- Twickenham Historic District
- U.S. National Register of Historic Places
- U.S. Historic district
- Location: Huntsville, Alabama
- Coordinates: 34°43′47″N 86°34′43″W﻿ / ﻿34.72972°N 86.57861°W
- Architectural style: Greek Revival, Late Victorian, Federal
- NRHP reference No.: 73000357 (original) 14000045 (increase)

Significant dates
- Added to NRHP: January 4, 1973
- Boundary increase: May 26, 2015

= Twickenham Historic District =

Historic district in Alabama, United States

Twickenham Historic District was the first historic district designated in Huntsville, Alabama, US. It was added to the National Register of Historic Places on January 4, 1973, with a boundary increase on May 26, 2015. The name derives from an early name for the town of Huntsville, named after Twickenham, England, by LeRoy Pope.
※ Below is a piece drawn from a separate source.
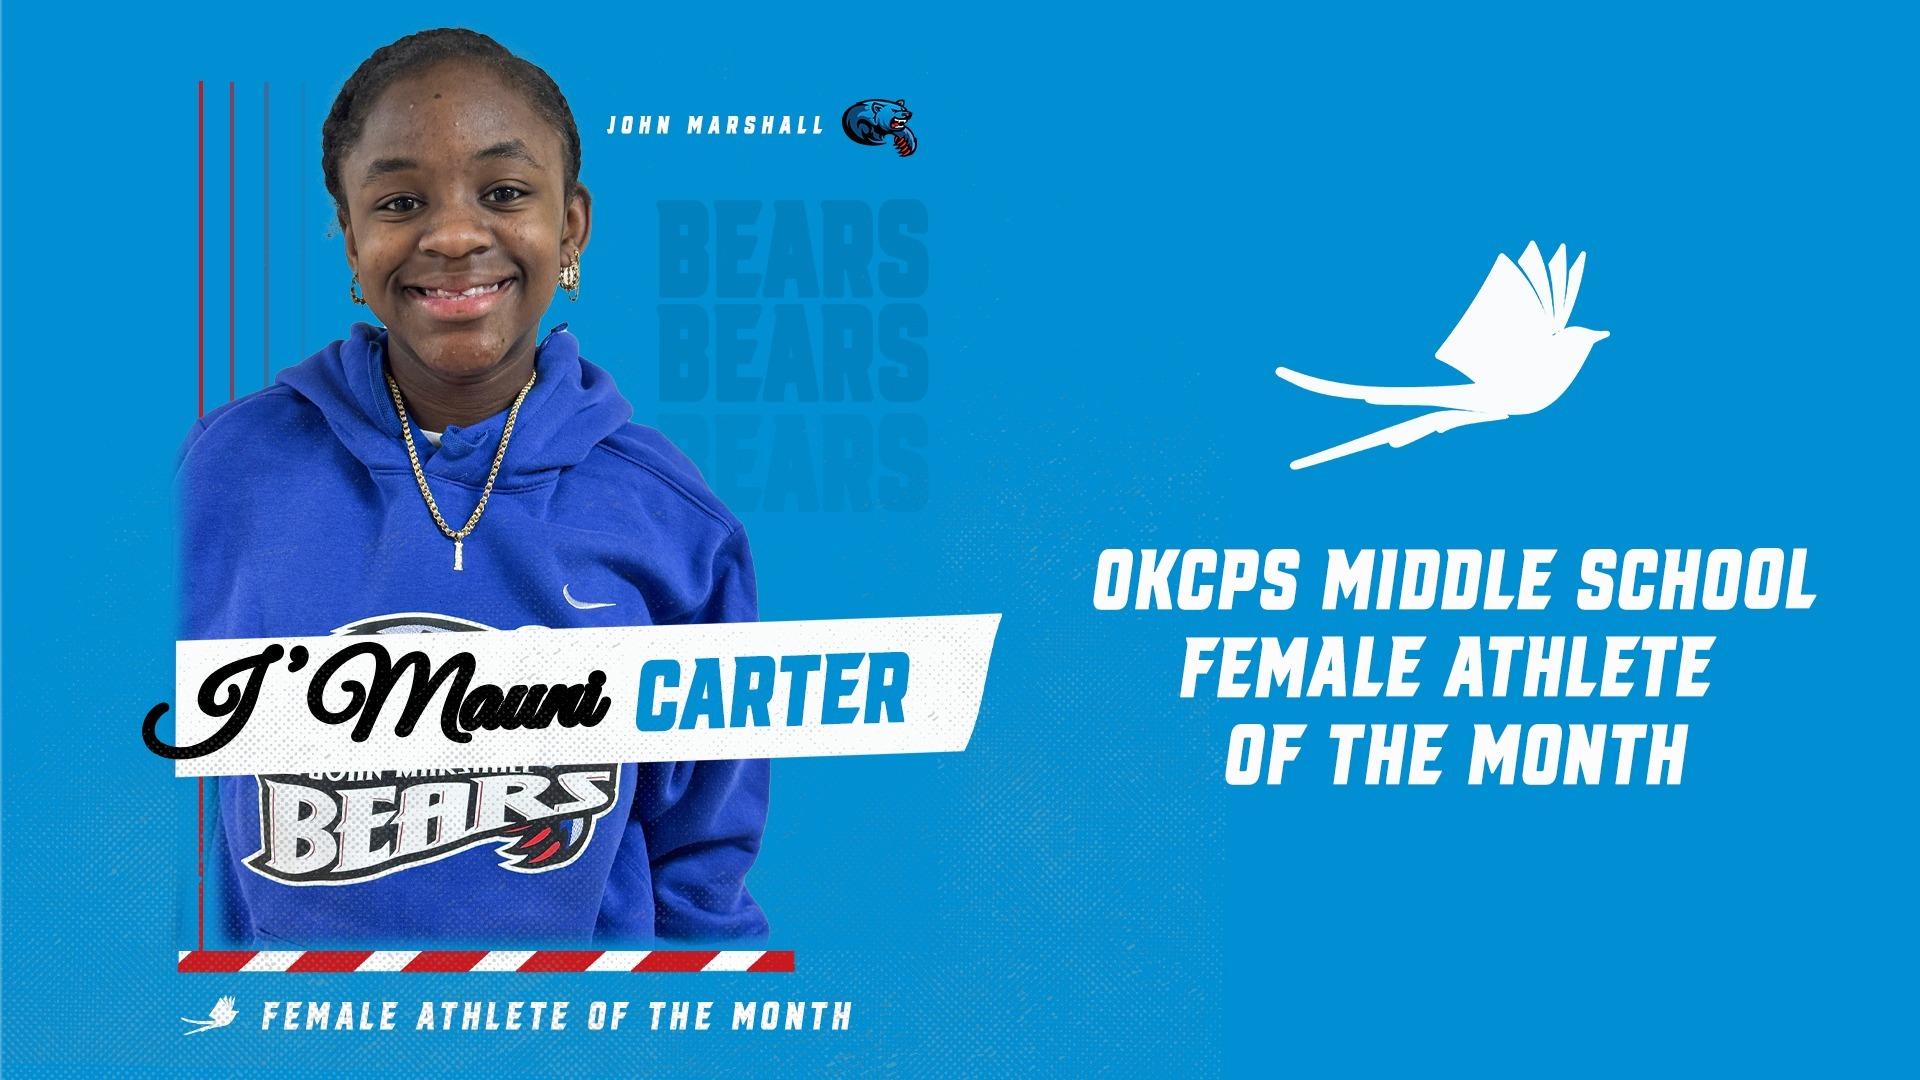 Slide 1 - I'Mauni Carter Named OKCPS Middle School December Athlete of the Month

It features homes in the Federal and Greek Revival architectural styles introduced to the city by Virginia-born architect George Gilliam Steele about 1818, and contains the most dense concentration of antebellum homes in Alabama.

The 1819 Weeden House Museum, home of female artist and poet Maria Howard Weeden, is open to the public, as are other sites in the district.

== Notable structures ==
- Helion Lodge 1 — 409 Lincoln Street, original building erected 1820; current building started in 1911. Home of a Masonic group that is the oldest in the state.